Окунувшись в гущу студенческой жизни, я смогла, наконец, расслабиться. Сегодня как никогда было шумно. Все обсуждали предстоящий осенний бал. Подсев за столик к девочкам, я быстро влилась в беседу о платьях, туфлях и прочей ерунде.
Балы в Оболенке были старой доброй традицией и устраивались три раза в год: осенью, зимой и весной. Для выпускных курсов Оболенские балы были не просто приятным времяпрепровождением, но и возможностью показать, чему научились в знаменитом Университете.
На осеннем балу мы демонстрировали свои атлетические способности. Девушки танцевали или готовили гимнастические номера, а молодые люди фехтовали, стреляли из лука, встречались на ринге восточных единоборств или противостояли друг другу в рукопашном бою. Зимний бал проходил в преддверье Новогодних праздников. На нем старшекурсники блистали эрудицией и интеллектом, решая при зрителях сложные логические задачи. В конце апреля на весеннем балу Оболенка становилась пристанищем художников, скульпторов, поэтов и музыкантов. Каждый выпускник должен был продемонстрировать свое творческое начало, реализуя себя в каком-либо искусстве. Таким образом, к конце учебного года мы должны были доказать, что придерживаемся главного принципа Оболенского Университета – калокагатии, совершенства тела и духа.

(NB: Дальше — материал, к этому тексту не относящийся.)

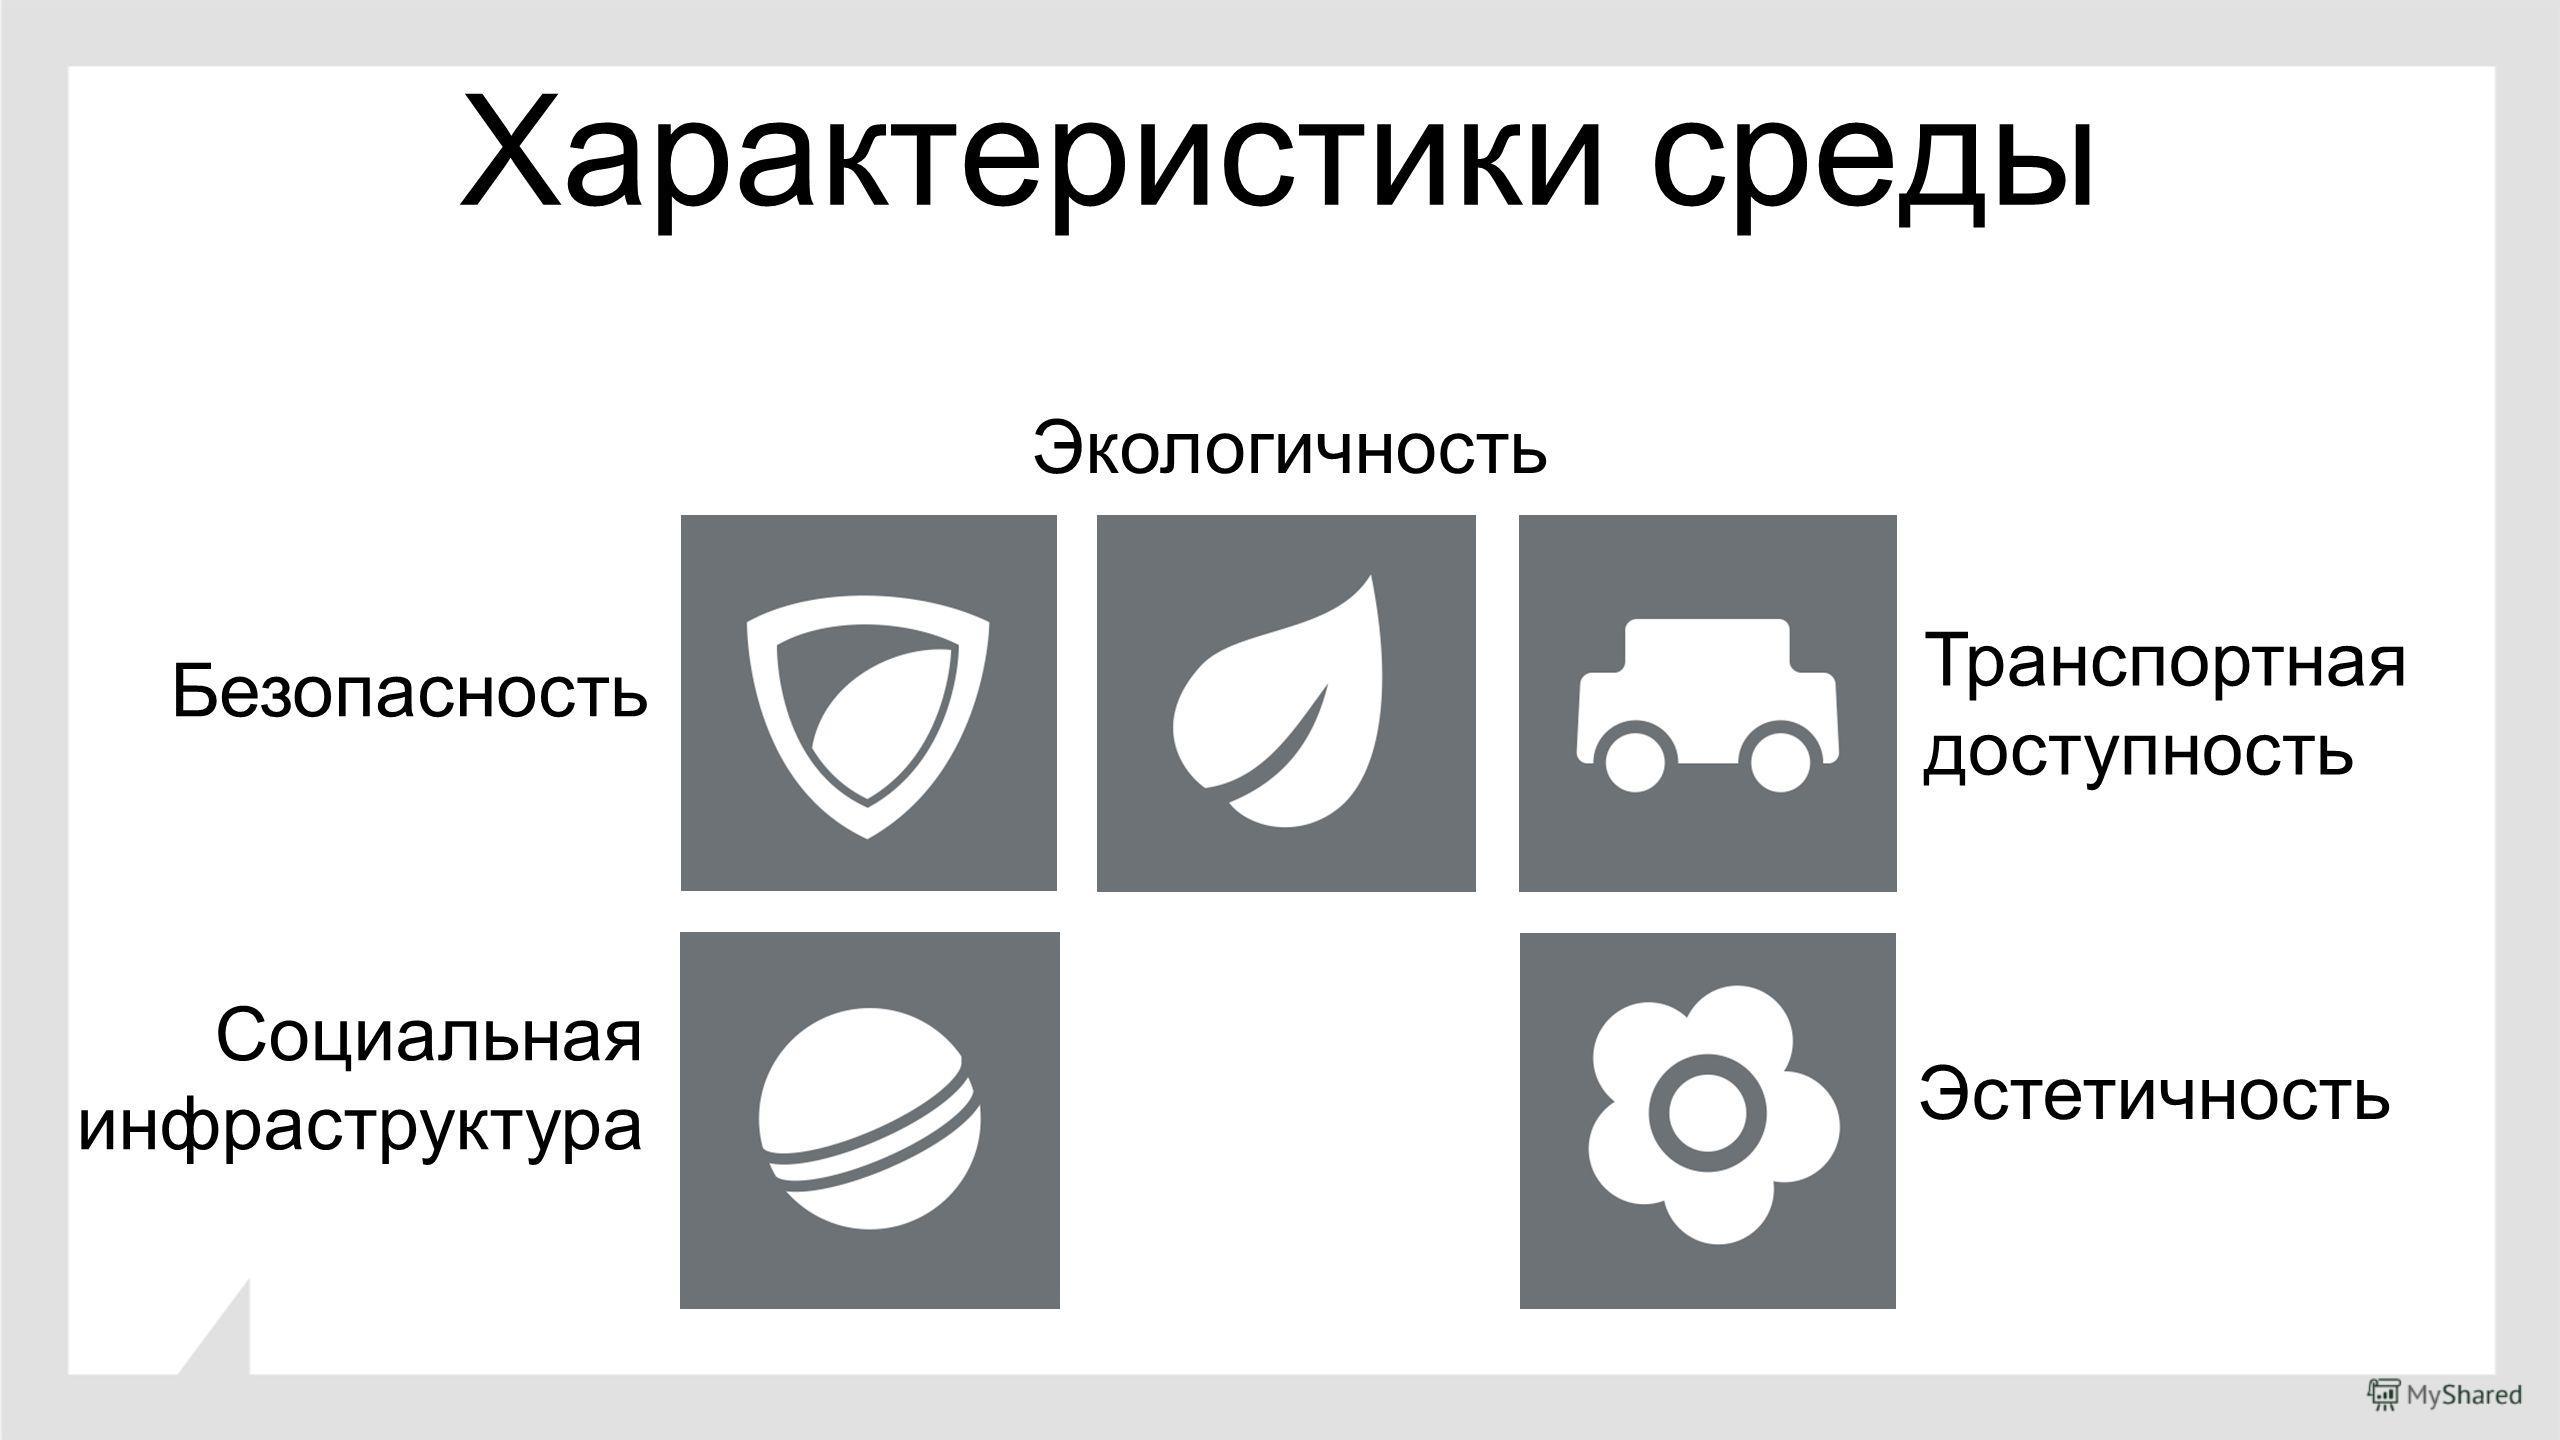 Характеристики среды Безопасность Экологичность Транспортная доступность Социальная инфраструктура Эстетичность

– Лер, ты уже начала готовить номер для бала? – поинтересовалась Ленка, ковыряя вилкой в своем салате.
– Если честно, пока не думала об этом, – пожала плечами я, чувствуя, как необходимость готовить танец повисла неприятным грузом в душе. Времени не так много, а со всеми передрягами, которые на меня свалились, было совсем не до танцулек. К счастью, у меня было несколько поставленных номеров, которые я показывала на студенческих конкурсах, а значит, можно без проблем составить из них один.
– А я готовлю медленный танец. Это будет настоящее драматическое выступление с элементами балета, – гордо заявила Аня Фролова с юридического, за что получила насмешливый взгляд Королевой.
Девушки не выносили друг друга. Когда они поступили в Оболенку, то попали в одну группу и сразу же сдружились, но постепенно их дружба сходила на «нет», а позже и вовсе Фролова и Королева превратились в соперниц за место лучшей студентки факультета. Апогей их конфликта произошел два года назад, когда Анька увела у бывшей подруги парня. Это случилось незадолго до защиты курсовой, таким низким способом Фролова нейтрализовала соперницу, и ее защита была признана лучшей. Скандалы и шумные разборки в Оболенском Университете не были приняты, поэтому свою неприязнь девушки не выплескивали на публике, ненавидя друг друга молча.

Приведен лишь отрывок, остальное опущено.